How to find distinctive words in a corpus is a long-standing question in text analysis. Today, we'll learn one simple approach to this: TF-IDF. The idea behind words scores is to weight words not just by their frequency, but by their frequency in one document compared to their distribution across all documents. Words that are frequent, but are also used in every single document, will not be distinguishing. We want to identify words that are unevenly distributed across the corpus. One of the most popular ways to weight words (beyond frequency counts) is tf-idf score. By offsetting the frequency of a word by its document frequency (the number of documents in which it appears) will in theory filter out common terms such as 'the', 'of', and 'and'.
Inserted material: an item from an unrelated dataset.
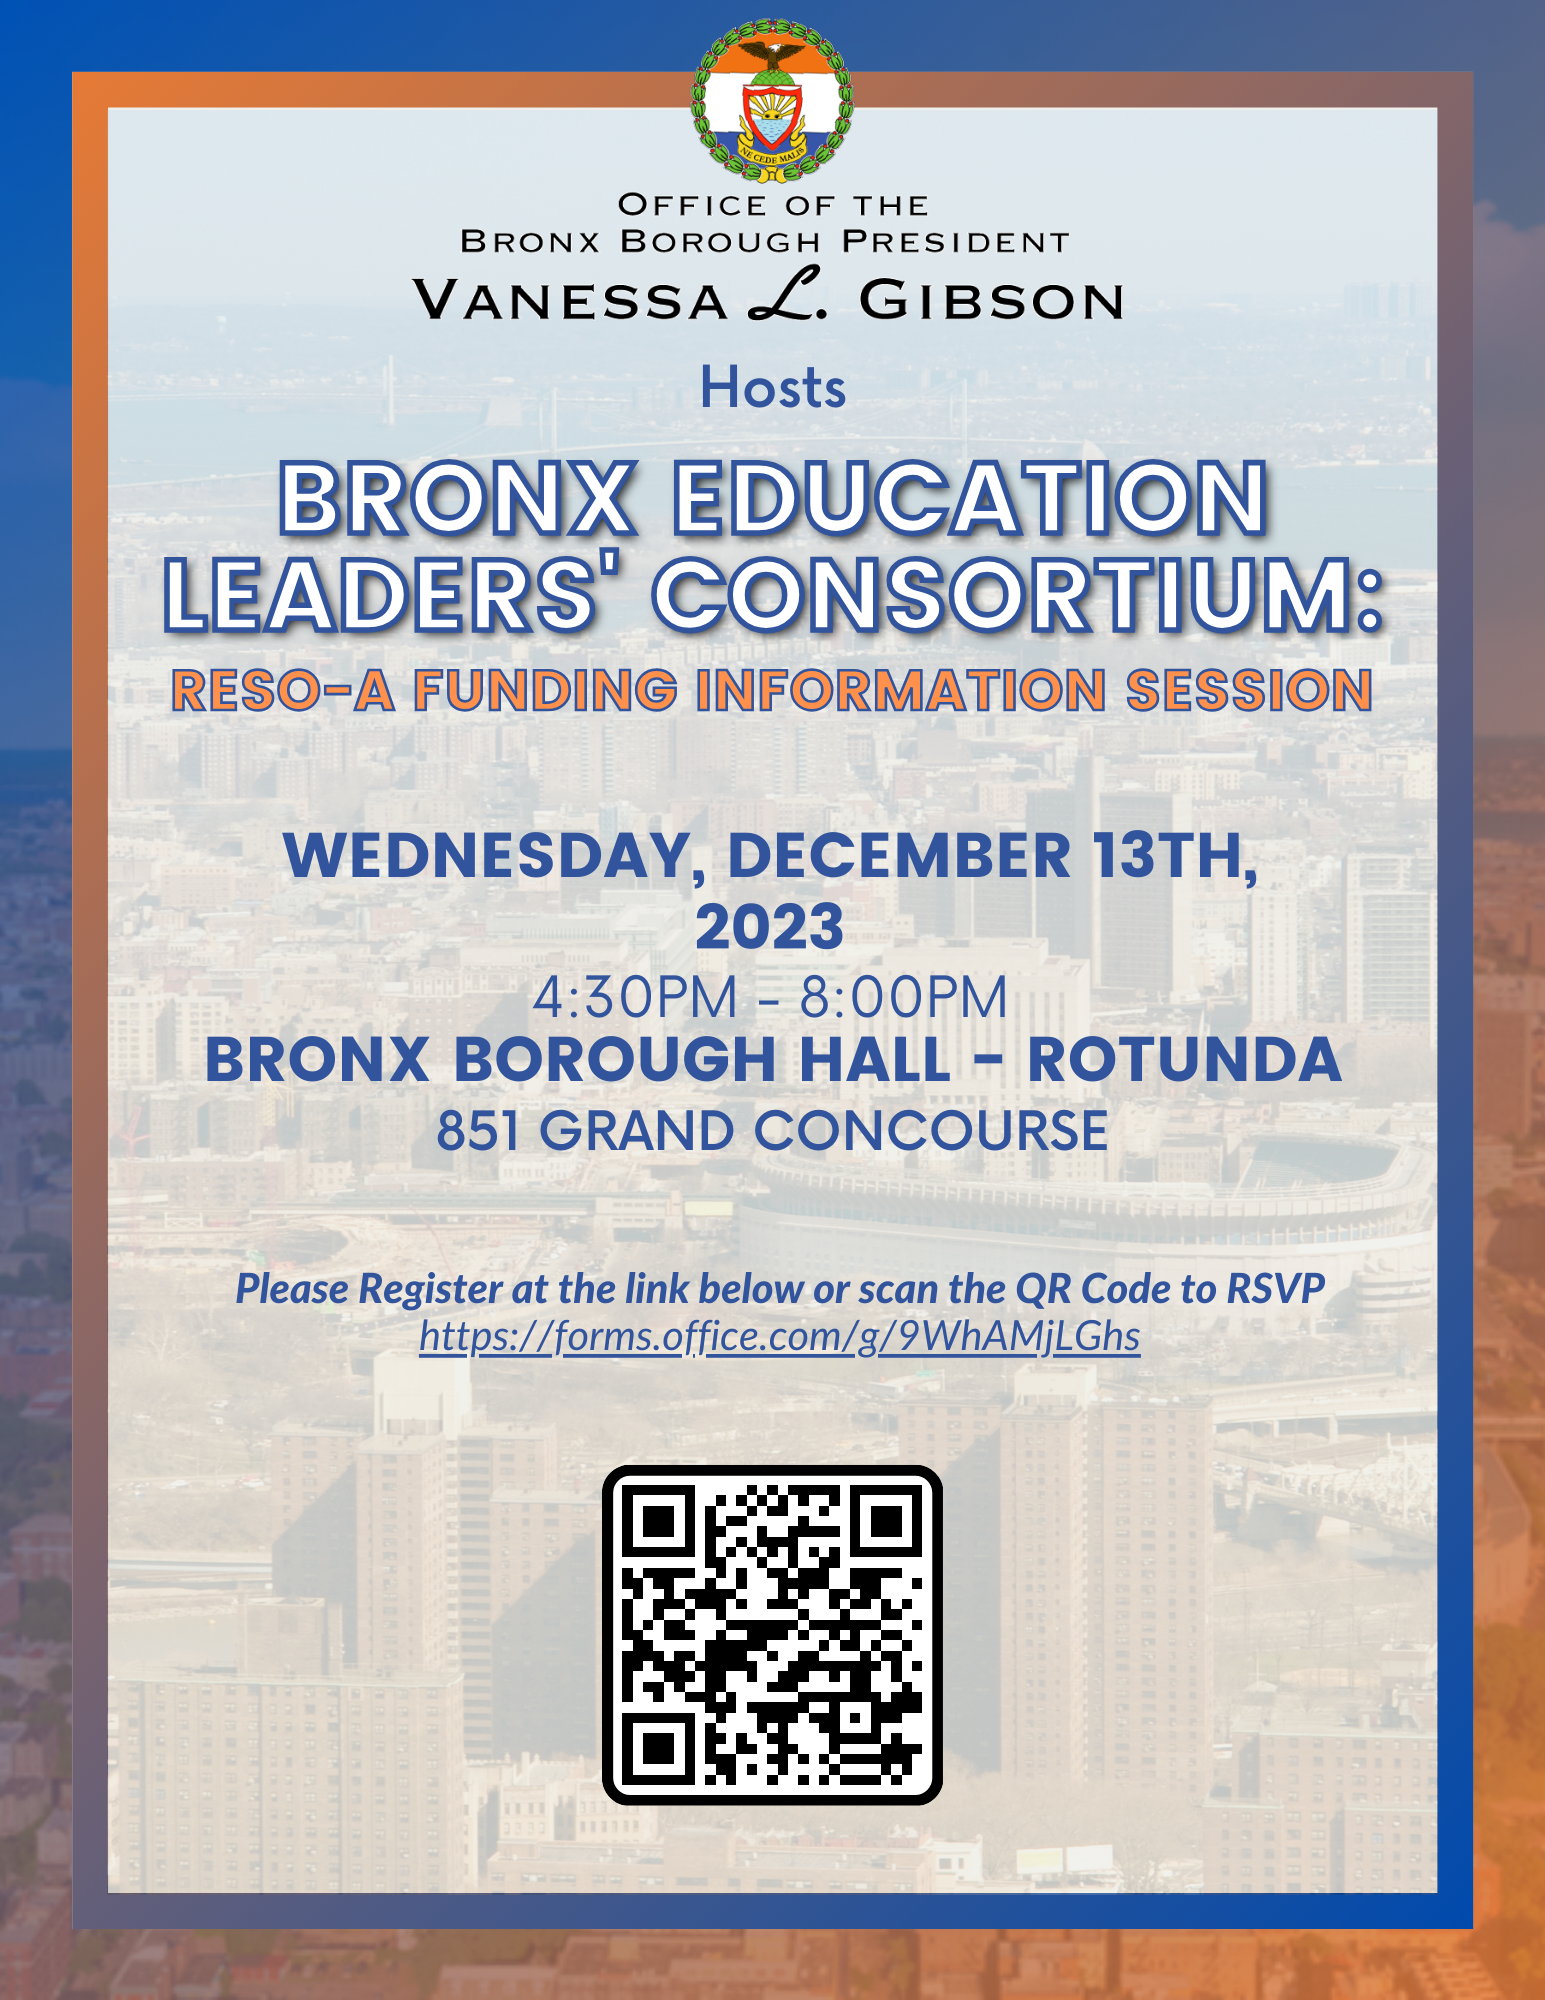 A flyer for a Reso-A Funding Information Session on December 13 at 4:30 PM EST

The following code snippets calculate these scores and construct another word cloud using these unique terms.

In [182]:
# Importing package
from sklearn.feature_extraction.text import TfidfVectorizer

# Fitting the model and obtaining the dtm
tfidfvec = TfidfVectorizer()
tfidf_dtm = tfidfvec.fit_transform(tweets['tokens'])
tfidf_dtm
Out[182]:
<4854x8287 sparse matrix of type '<class 'numpy.float64'>'
	with 33007 stored elements in Compressed Sparse Row format>
In [183]:
# Converting dtm to dataframe
tfids = pd.DataFrame(tfidf_dtm.toarray(), columns=tfidfvec.get_feature_names_out(), index=tweets.index)
tfids.head()
Out[183]:
000 008zpnmegm 01fmxyrrvr 02100_eth 04efhdxate 0ecpd30qas 0faazmezra 0gzbmf83tt 0is89mjlky 0j1lmreobs ... zqfyymk3lp zqqnolhcdn zssbecker zswitten zubymusic zutcsd7fiz zuuy1szjud zydrar6mxf zyrvfjywo4 秦始皇
0 0.0 0.0 0.0 0.0 0.0 0.0 0.0 0.0 0.0 0.0 ... 0.0 0.0 0.0 0.0 0.0 0.0 0.0 0.0 0.0 0.0
1 0.0 0.0 0.0 0.0 0.0 0.0 0.0 0.0 0.0 0.0 ... 0.0 0.0 0.0 0.0 0.0 0.0 0.0 0.0 0.0 0.0
2 0.0 0.0 0.0 0.0 0.0 0.0 0.0 0.0 0.0 0.0 ... 0.0 0.0 0.0 0.0 0.0 0.0 0.0 0.0 0.0 0.0
3 0.0 0.0 0.0 0.0 0.0 0.0 0.0 0.0 0.0 0.0 ... 0.0 0.0 0.0 0.0 0.0 0.0 0.0 0.0 0.0 0.0
4 0.0 0.0 0.0 0.0 0.0 0.0 0.0 0.0 0.0 0.0 ... 0.0 0.0 0.0 0.0 0.0 0.0 0.0 0.0 0.0 0.0

5 rows × 8287 columns

In [188]:
# Obtaining most frequent words
tfids.max().sort_values(ascending=False).head(10)
Out[188]:
rising_serpent    1.0
marceloplima      1.0
chad_hurley       1.0
mcuban            1.0
blader            1.0
doge              1.0
twitter           1.0
astronomy         1.0
theonion          1.0
davidsacks        1.0
dtype: float64

In theory, these IDF scores are best used when you want to identify distinctive words for individual documents, or groups of documents, compared to other groups or the corpus as a whole. While we only have Elon Musk's tweets in this DTM, if we had other users in here, we could compare unique terms that each person would be tweeting. One would do this simply by creating a new variable in the DTM with the name or category of the comparison groups, which would allow us to subset the DTM and compare scores across groups.

In [191]:
wc = WordCloud(width=1000, height=400, max_words=80, min_font_size=6,
               background_color='black',
               colormap='viridis').generate_from_frequencies(tfids.max().sort_values(ascending=False))
plt.figure(figsize=(12,10))
plt.imshow(wc)
plt.axis("off")
plt.show()

4.0 Unsupervised Machine Learning: Topic Models using Latent Dirichlet Allocation (LDA)

This section assumes that you have some basic understanding of LDA topic models. However, this article provides a good summary about what it does.

We will be using a basic package from Sklearn's LatentDirichlet Allocation library.

In [237]:
# Importing the packages
from sklearn.feature_extraction.text import CountVectorizer
from sklearn.decomposition import LatentDirichletAllocation as lda
In [235]:
# Getting our DTM again
countvec = CountVectorizer()
dtm = countvec.fit_transform(tweets['tokens'])
dtm = pd.DataFrame(dtm.toarray(), columns=countvec.get_feature_names_out(), index=tweets.index)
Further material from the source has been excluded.